In honesty, it’s hard to go into too much detail without giving away the story. The book offers a wonderful insight into this element of the second world war, and I certainly had no idea about how much of a linchpin the tiny island proved to be in the war effort. McDougall certainly paints a wonderful picture of the heroic feats, helped in no small part by his own attempt to follow in the footsteps of Churchill’s band of merry men like Xan Fielding and Patrick Leigh Fermor.

The underlying idea of the book is that the Cretans had discovered the secret of the fascia in the body and its ability to move the body better than muscle alone ever could. Ultimately they had re-discovered what we now think of as parkour; natural movement that we seem to have forgotten about since the time of the Ancient Greeks.

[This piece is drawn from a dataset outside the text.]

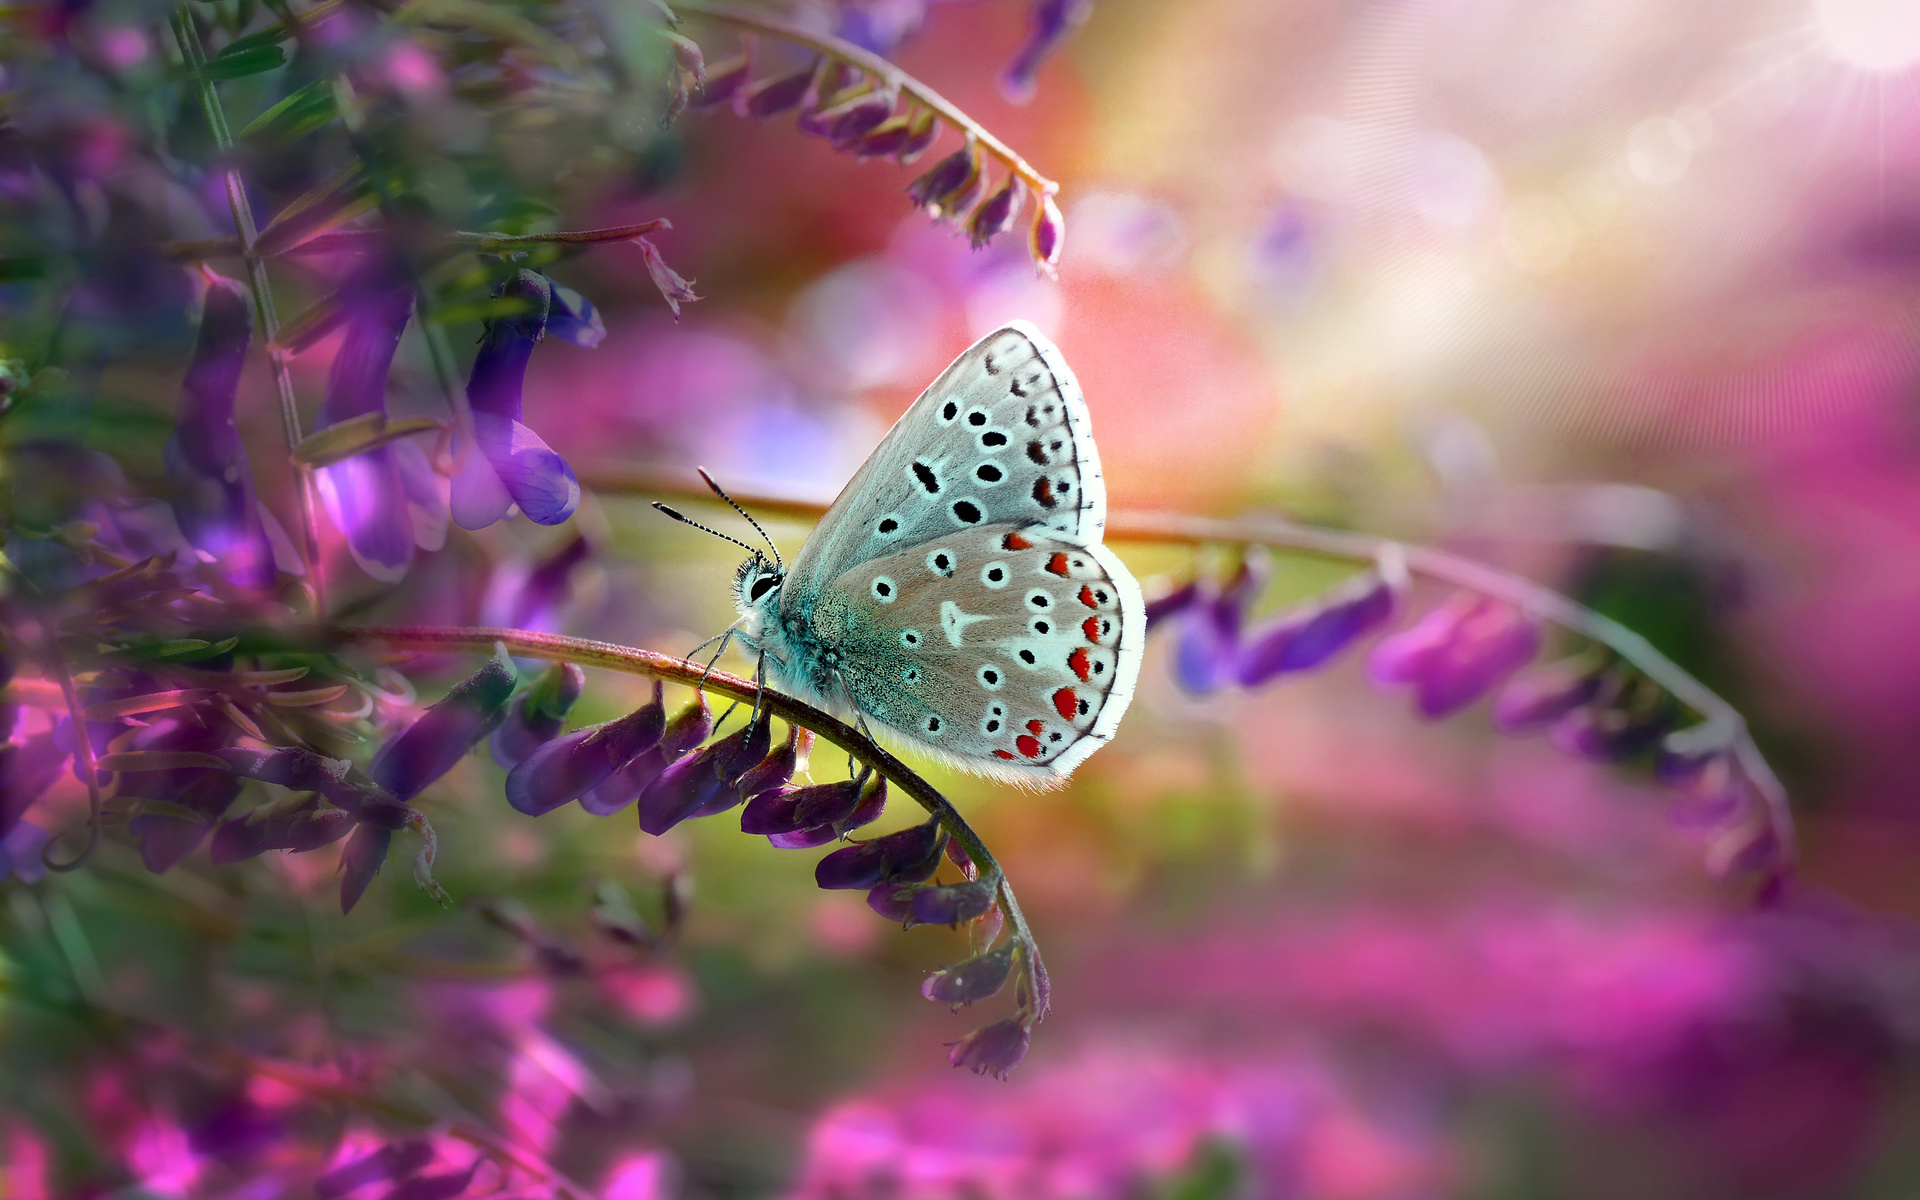 Descarga gratuita de fondo de pantalla para móvil de Animales, Insecto, Mariposa, Flor Purpura, Macrofotografía.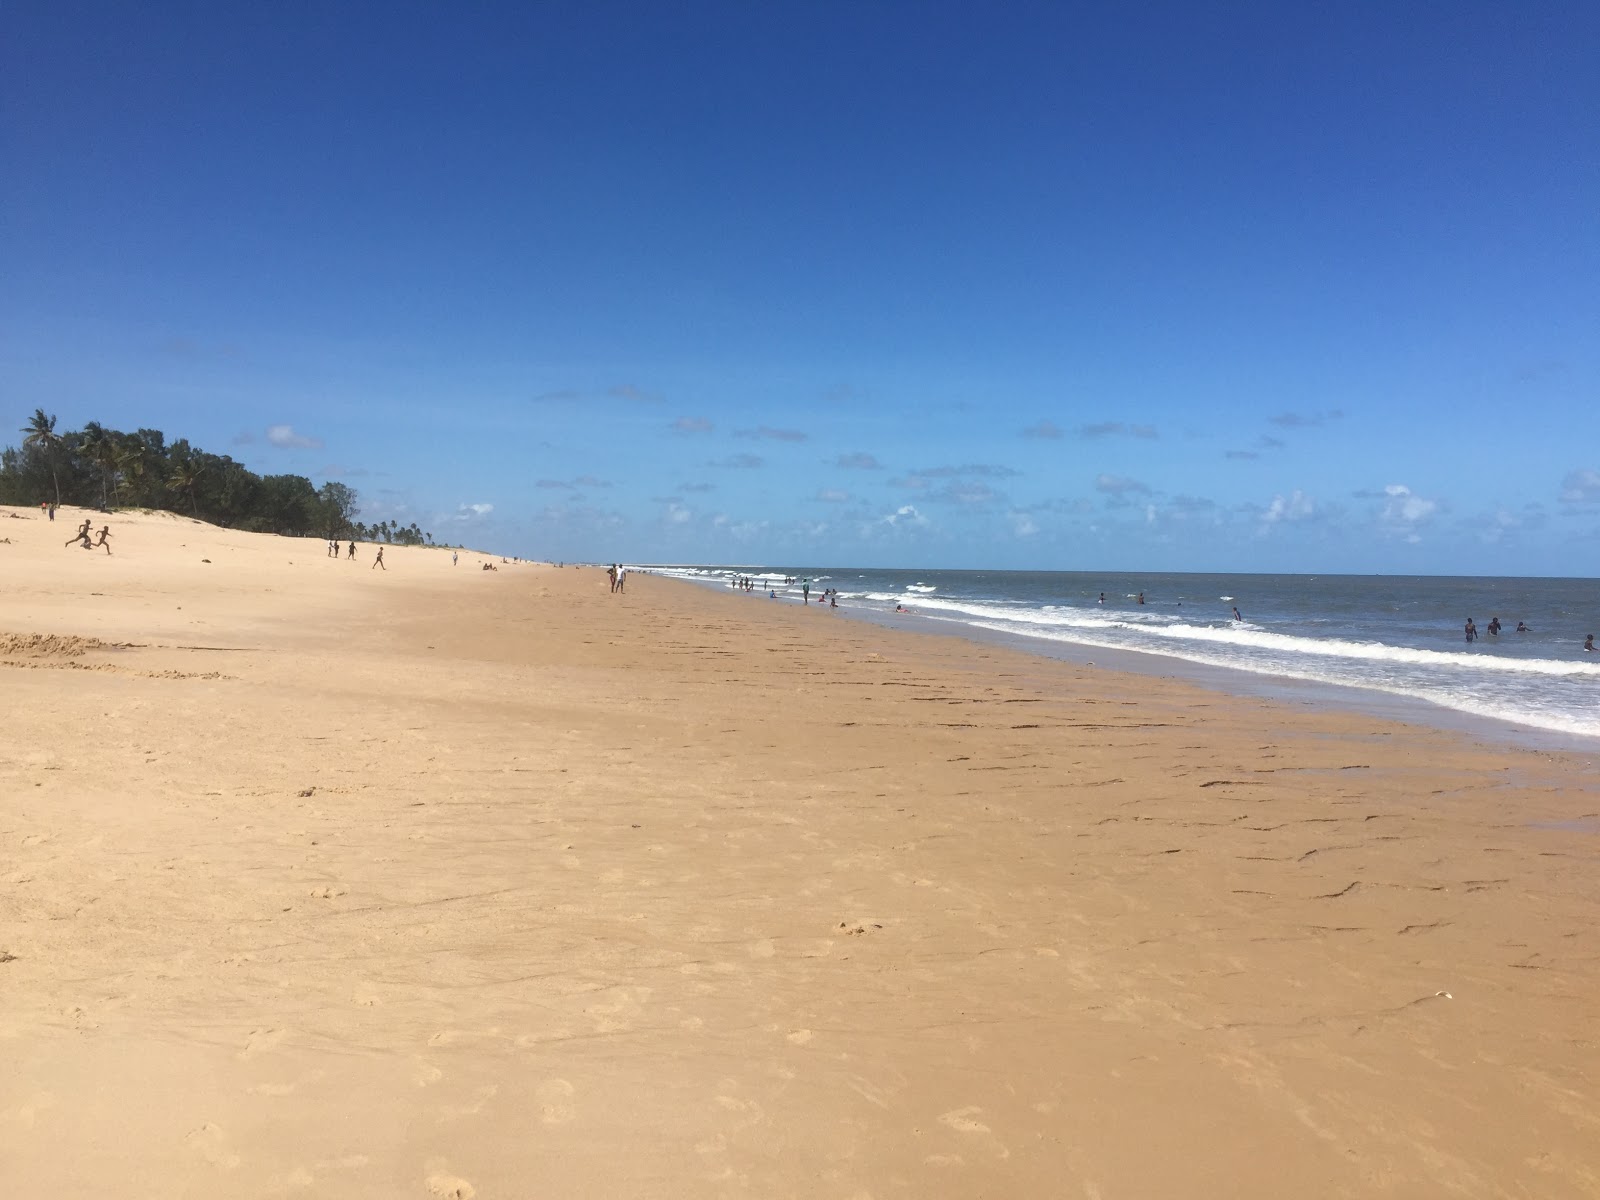 Beira Beach'in fotoğrafı parlak kum yüzey ile

McDougall has not really written a running book this time. Instead this is more of a historical tale underpinned by a reminder that natural movement can enable us to do more than we likely believe is possible. I am not sure it is going to spark the same revolution that his former book did, but in Natural Born Heroes McDougall spins a fascinating tale, and I would highly recommend it.

I have been inspired to add some different workouts to my week that will encourage more movement than the simple act of running. Read this book, I am confident you won’t be disappointed.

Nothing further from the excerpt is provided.